### Exercise aim
A word-for-word copy of the data is what's wanted; pictures stay out of it.

### Material provided
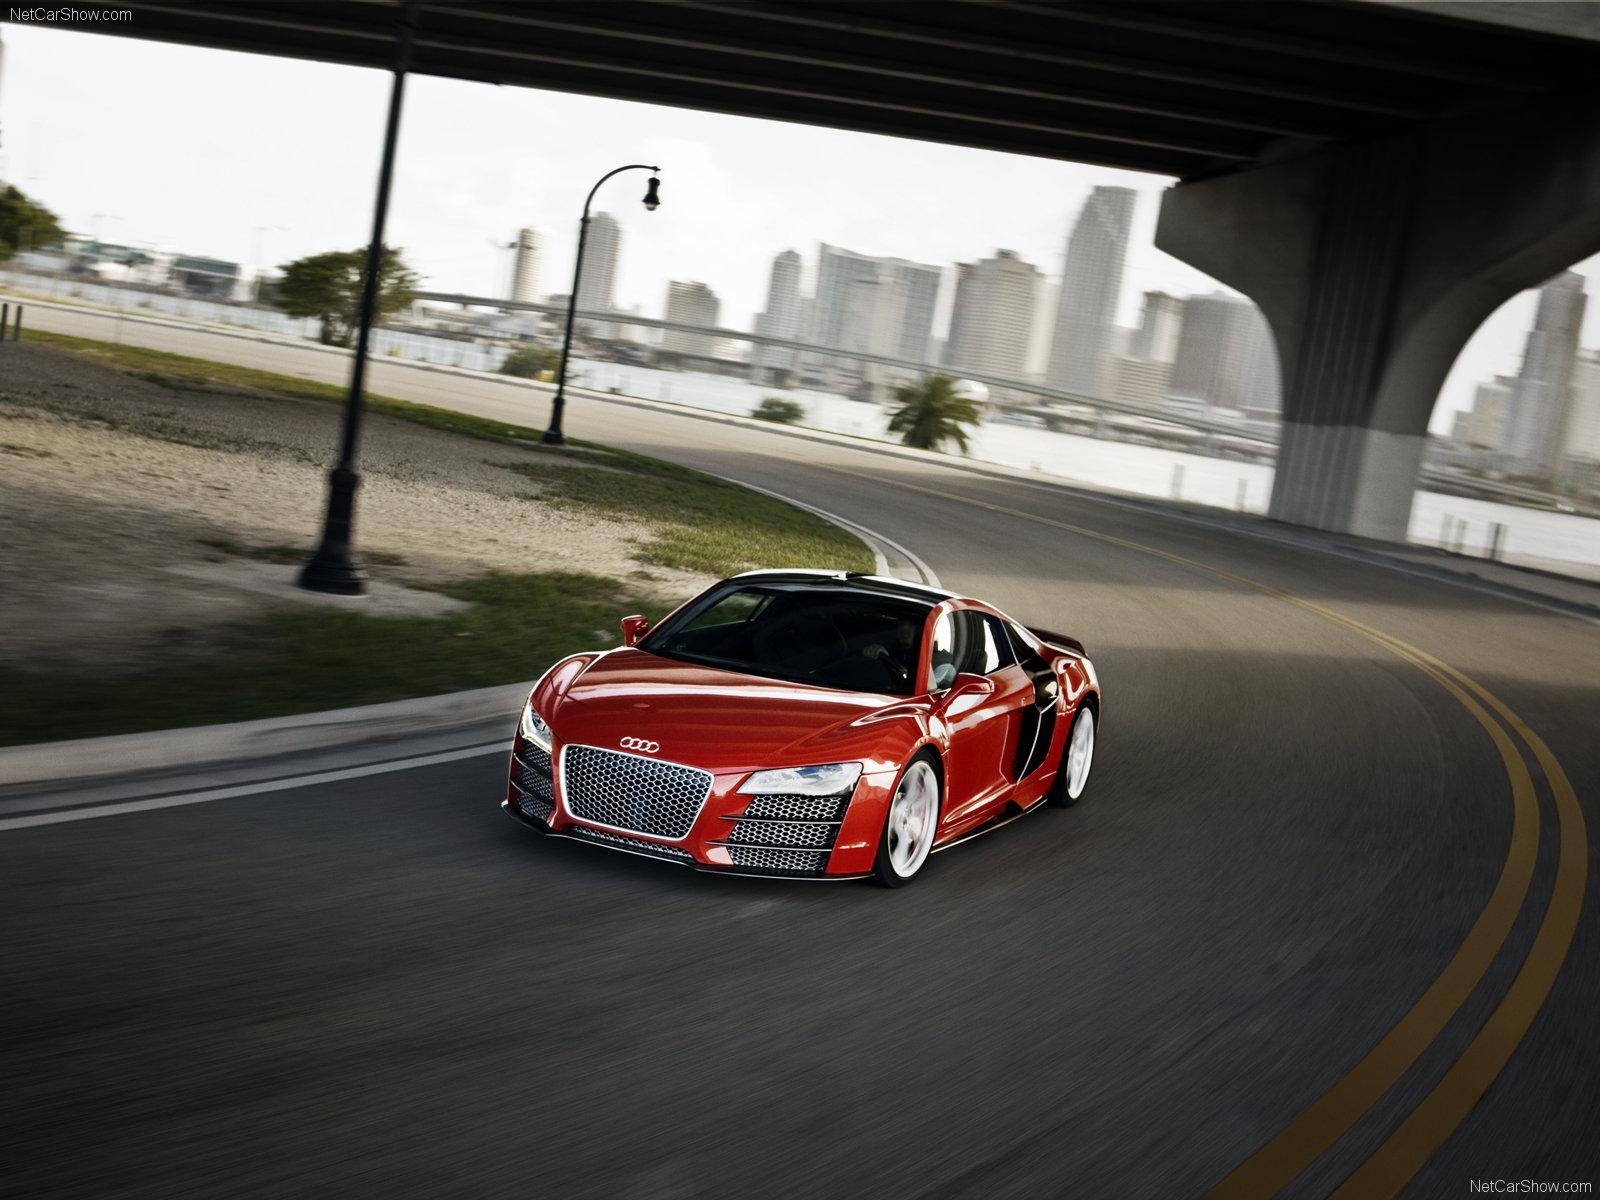 http://2.bp.blogspot.com/-aM11-bMHw24/TqfX-N0zgFI/AAAAAAAAAi4/su6rGvVV72U/s1600/Audi-R8_TDI_Le_Mans_Concept_2008_1600x1200_wallpaper_04.jpg
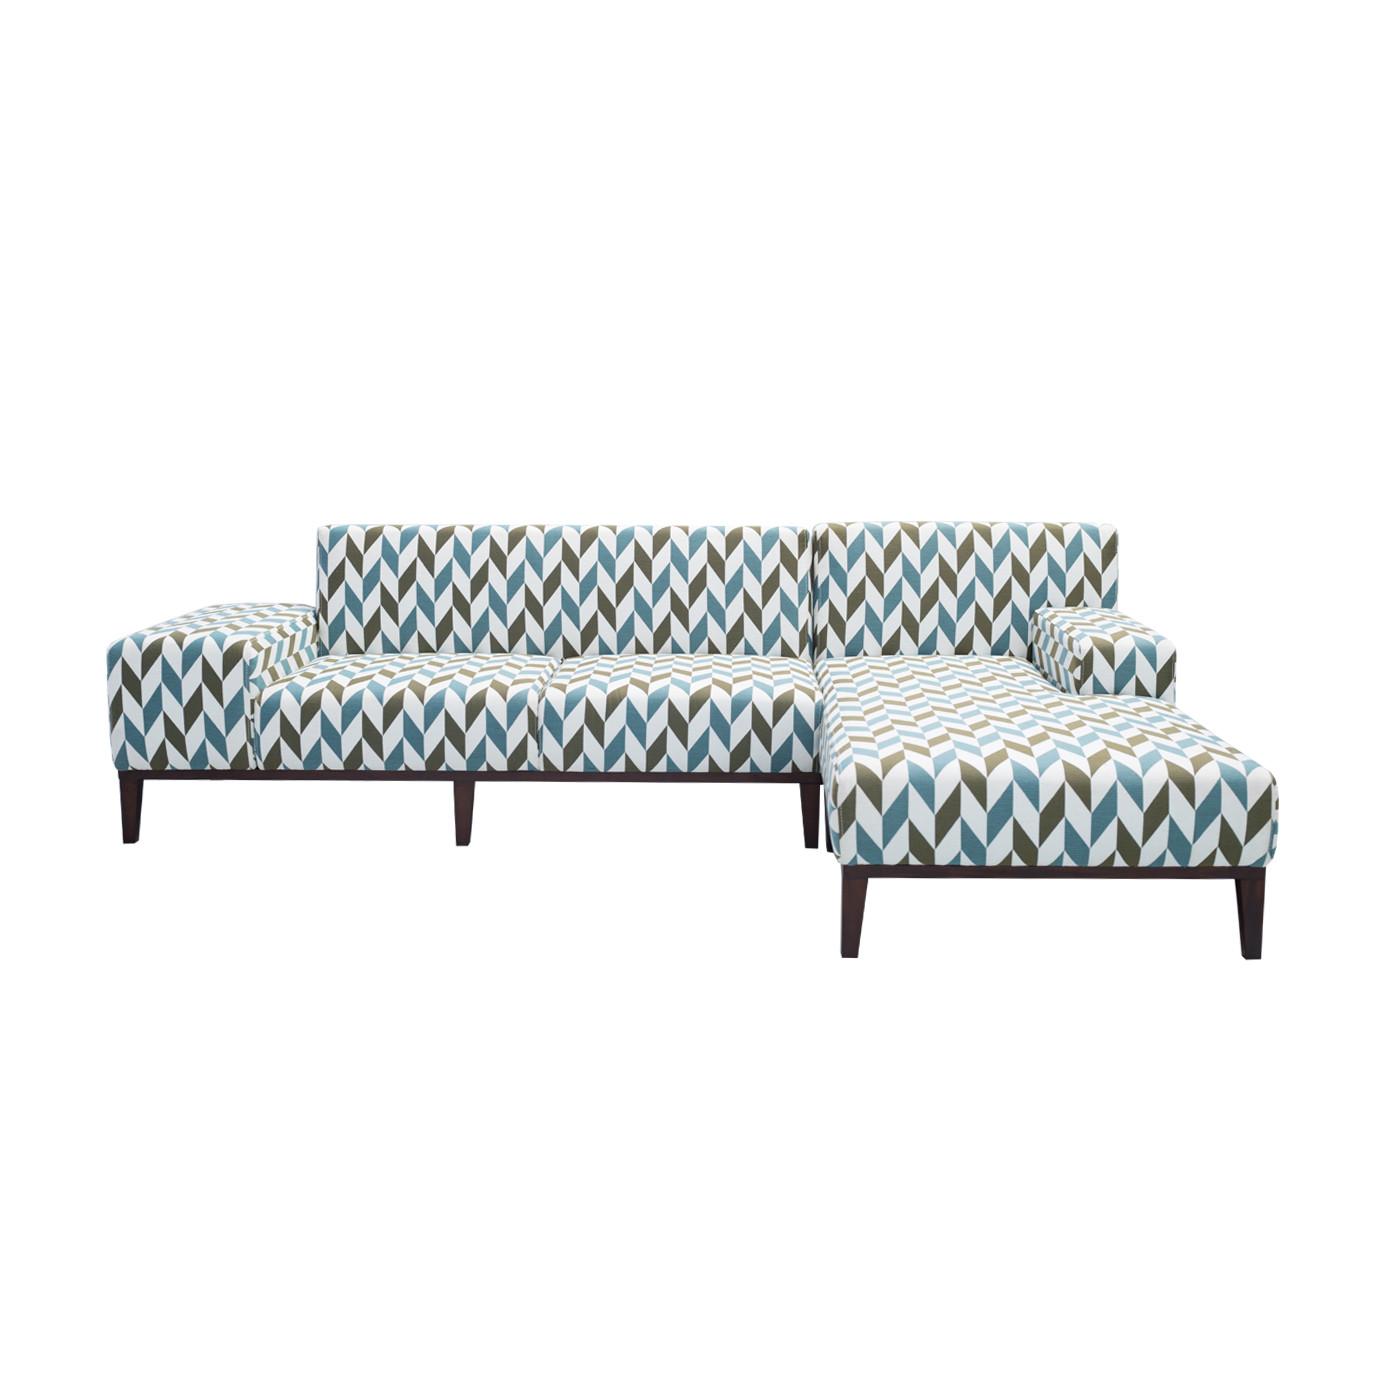 SoHo Geometric Patterned Dark Sofa (Clearance)
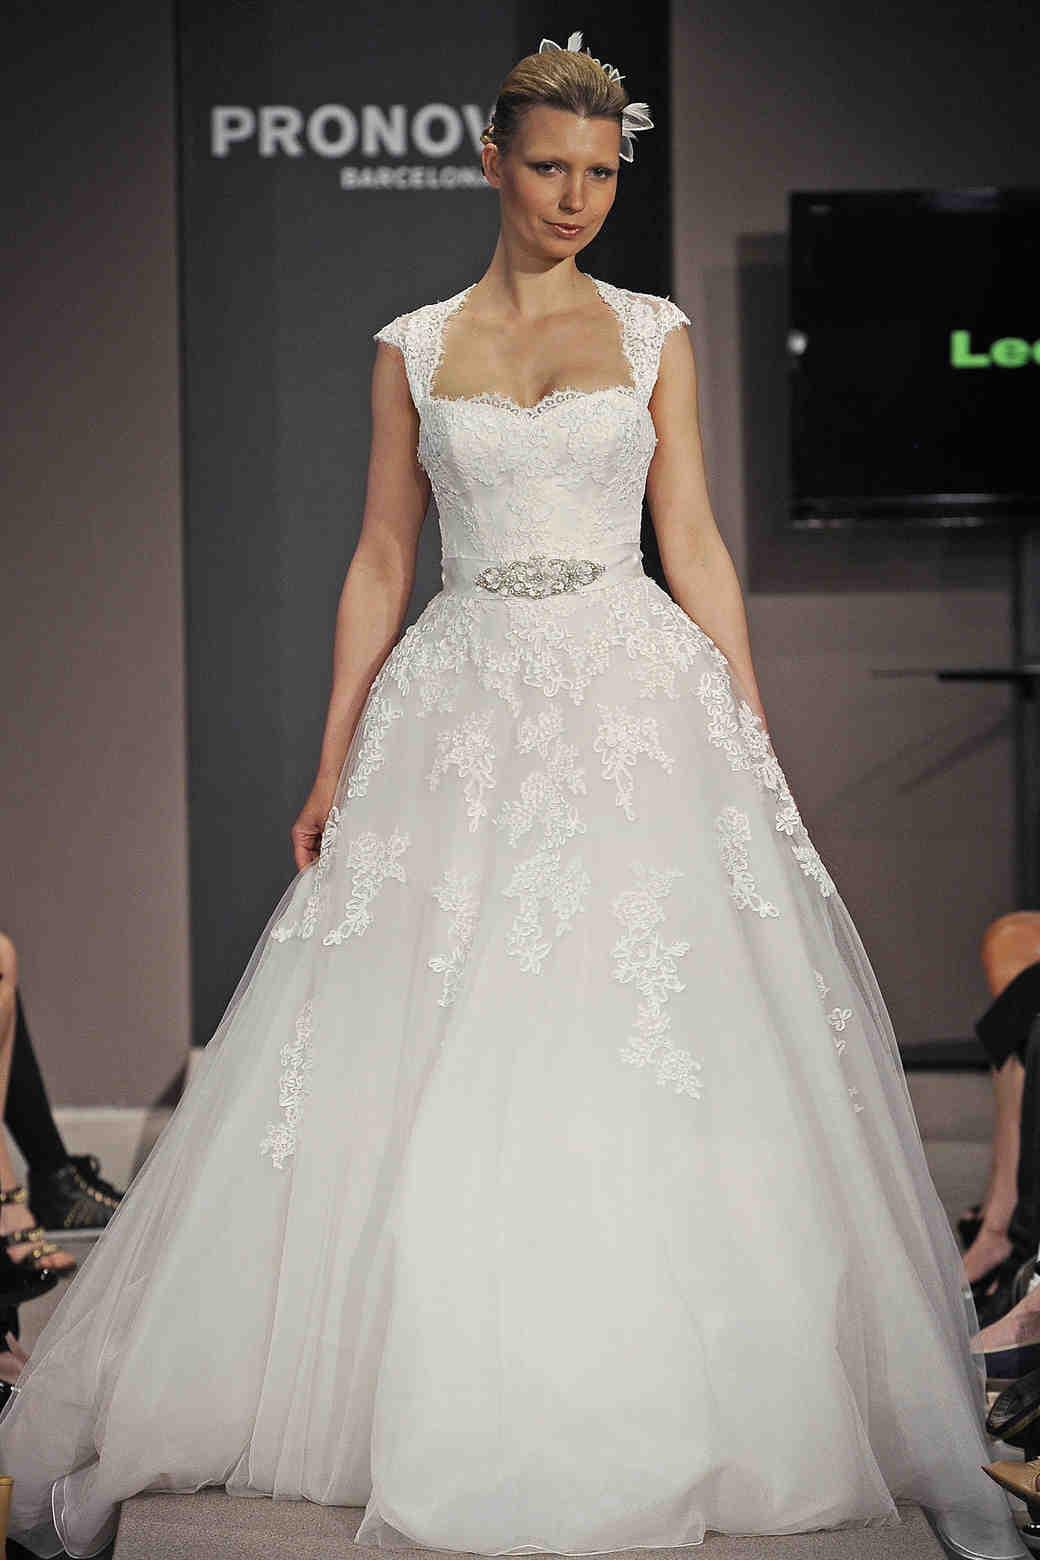 cap sleeve wedding dresses spring cap sleeve wedding dress Ladylike Lace The lace cap sleeves

### Answer section
 http://2.bp.blogspot.com/-aM11-bMHw24/TqfX-N0zgFI/AAAAAAAAAi4/su6rGvVV72U/s1600/Audi-R8_TDI_Le_Mans_Concept_2008_1600x1200_wallpaper_04.jpg
 SoHo Geometric Patterned Dark Sofa (Clearance)
 cap sleeve wedding dresses spring cap sleeve wedding dress Ladylike Lace The lace cap sleeves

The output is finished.